Customer listening posts
Imagine a business is manufacturing measuring instruments for liquid flow, electrical power, etc. The company’s product catalog is 8½ x 11 inches and nearly two inches thick. Every employee from top to bottom receives extensive training on every product in the catalog: its use, typical applications, and the usual specs and pricing details. The catalog is present at every desk or counter space for quick reference. The theory is that anyone in the company can take a customer’s call and know the basics of all the products and, if more detail is needed, can know exactly who should be contacted to meet the customer’s needs.
The company has grown to become a leader in its field and gained the enthusiastic support of local and national business leaders. The company’s president and owner is a savvy woman who built the business from the garage behind her house. The present business and its several buildings now occupy substantial real estate. Her focus is on developing her employees to be the best they can be—loyalty/retention is absolutely No. 1, for both employees and customers.
Obviously, listening carefully and intelligently to the voice of the customer is paramount in the above example. Other organizations have adopted the listening post technique, another approach for collecting, analyzing, learning, and improving from contacts with their customers. In its simplest form, this involves training all employees who may have contact with customer personnel to listen to the customer and understand the message being transmitted, regardless of the communication medium used. In its more developed form, LCALI (listen, capture, analyze, learn, and improve), there is a process for recording the information conveyed and forwarding the information to a trained person (the listening post), so that person can determine the proper action to address the inquiry or problem, ensure that corrective action—and, if necessary, preventive action—is taken, and inform the customer of the action taken. This method is designed to “hear” the casual remarks that may accompany routine transactions, e.g., order taking, order changes, corrections needed, or quality issues. The customer’s comments may relate to language and supplier actions that may offend or cause discomfort, inconvenience, frustration, or annoyance to the customer. In many organizations, because of a lack of attention and lack of an LCALI process emanating from conversations with customers, the customers’ words fail to reach people in the supplier’s organization who can address the concerns. The LCALI approach serves as an early warning system for situations that, if not captured and dealt with, could result in major complaints and loss of customers. (Need we be reminded of the massive recalls in the automotive industry, loss of lives, reputations tarnished, jobs lost, and financial losses to suppliers? All because of lack of initiative and support of processes to react to early indication of problems.)
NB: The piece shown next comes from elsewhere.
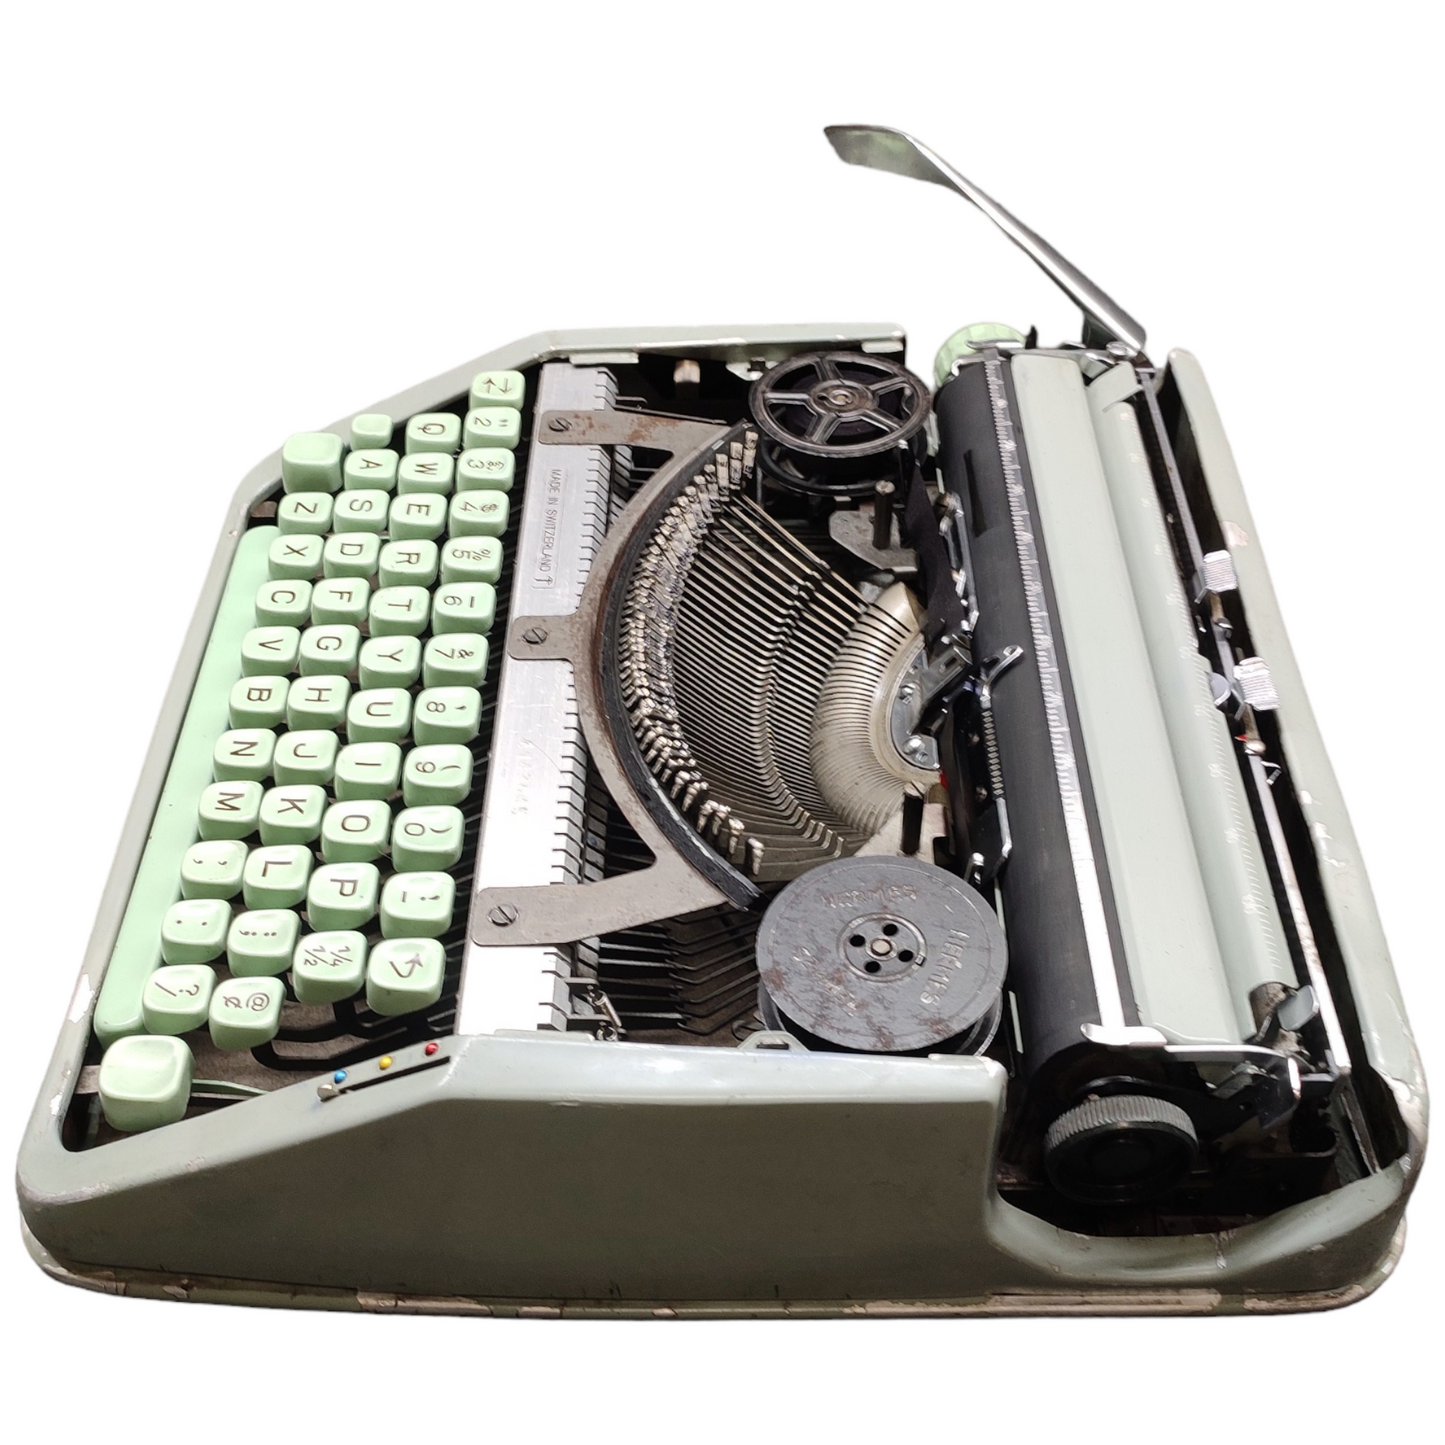 Hermes Baby Rocket Typewriter. Available from universaltypewritercompany.in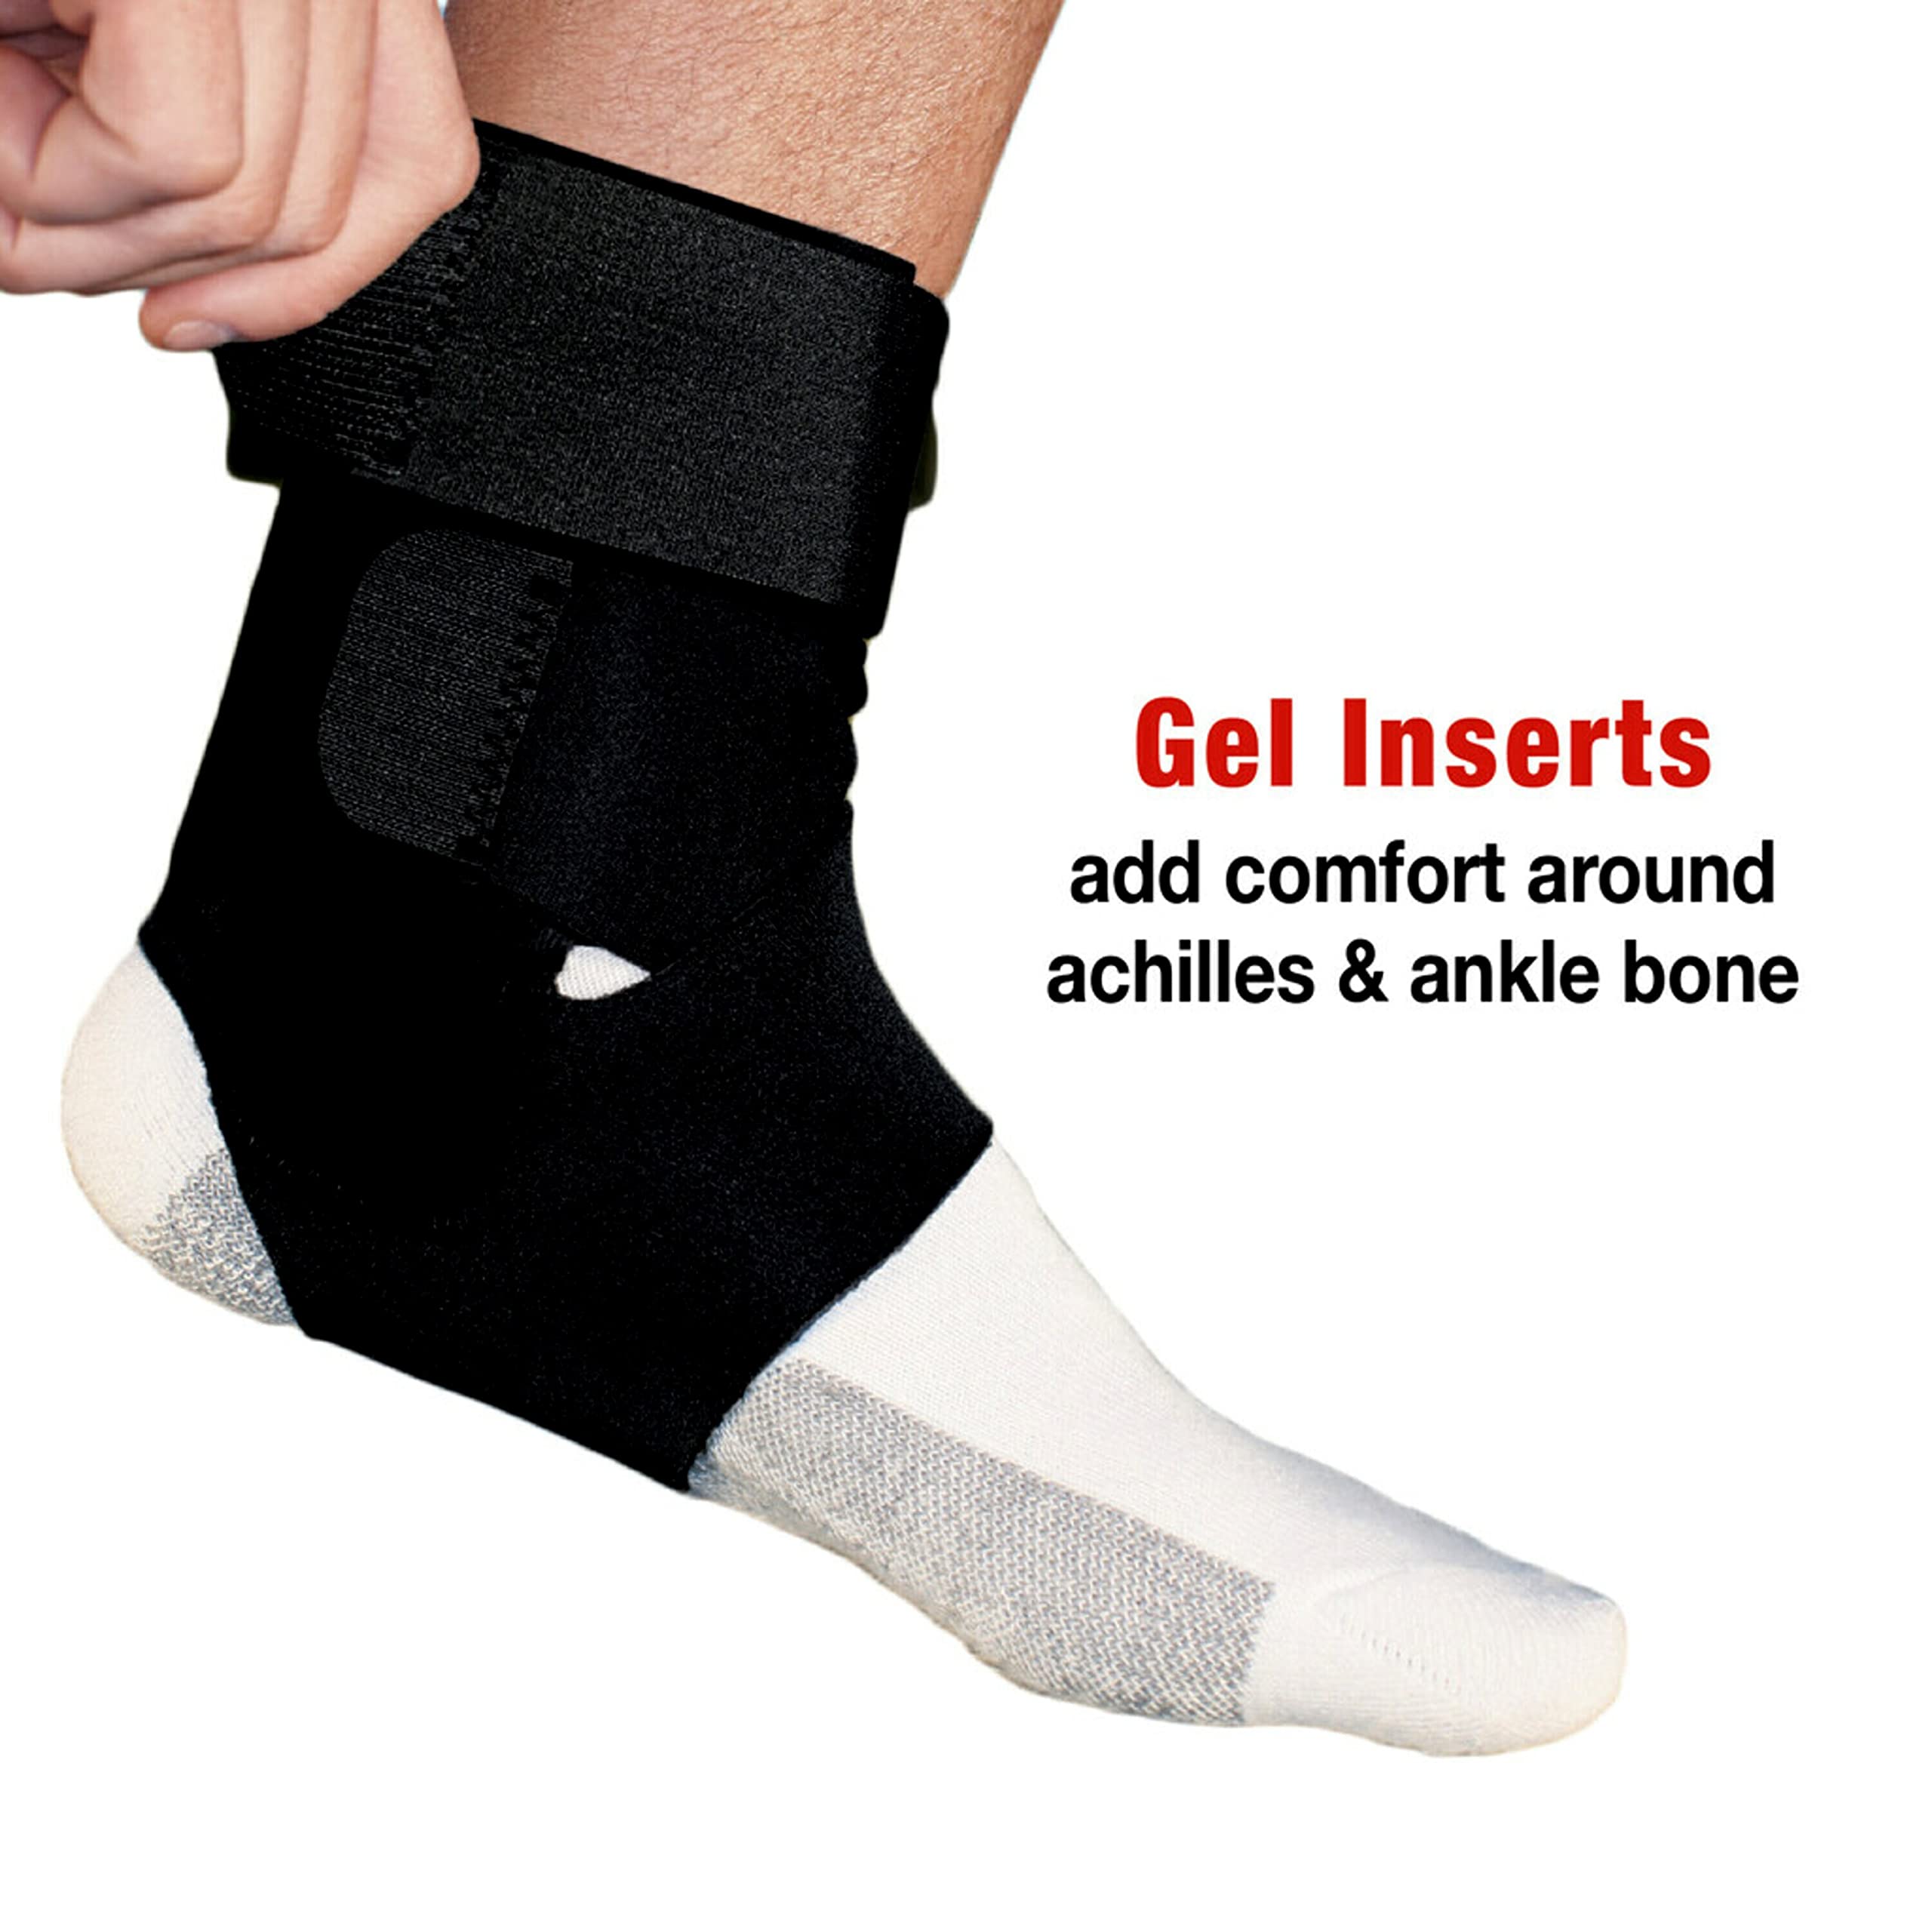 ACE Deluxe Ankle Stabilizer, Adjustable, Black, 1/Pack

In addition to identifying potential or actual problems, the LCALI methodology may also:
- Hint or indicate an idea for a new product or service
- Suggest an improvement in a present process, product, or service
- Allude to displeasure with some feature or aspect of an existing product or service
- Allude to displeasure with the behavior of the supplier’s employees
- Mention apparent deficiencies in product packaging, shipping methods, or billing
- Bring up a use for a product that the supplier is unaware of
- Identify competitors who offer more for the price
- Draw out comments—good or bad—about a competitor’s product or service
- Identify minor annoyances such as long wait time, lack of convenient and safe parking, or inconvenient business hours
- Hint that the customer may soon be relocating
- Highlight an action of an employee that pleased the customer
(See the May–June 2011 issue of The Auditor for more about LCALI.)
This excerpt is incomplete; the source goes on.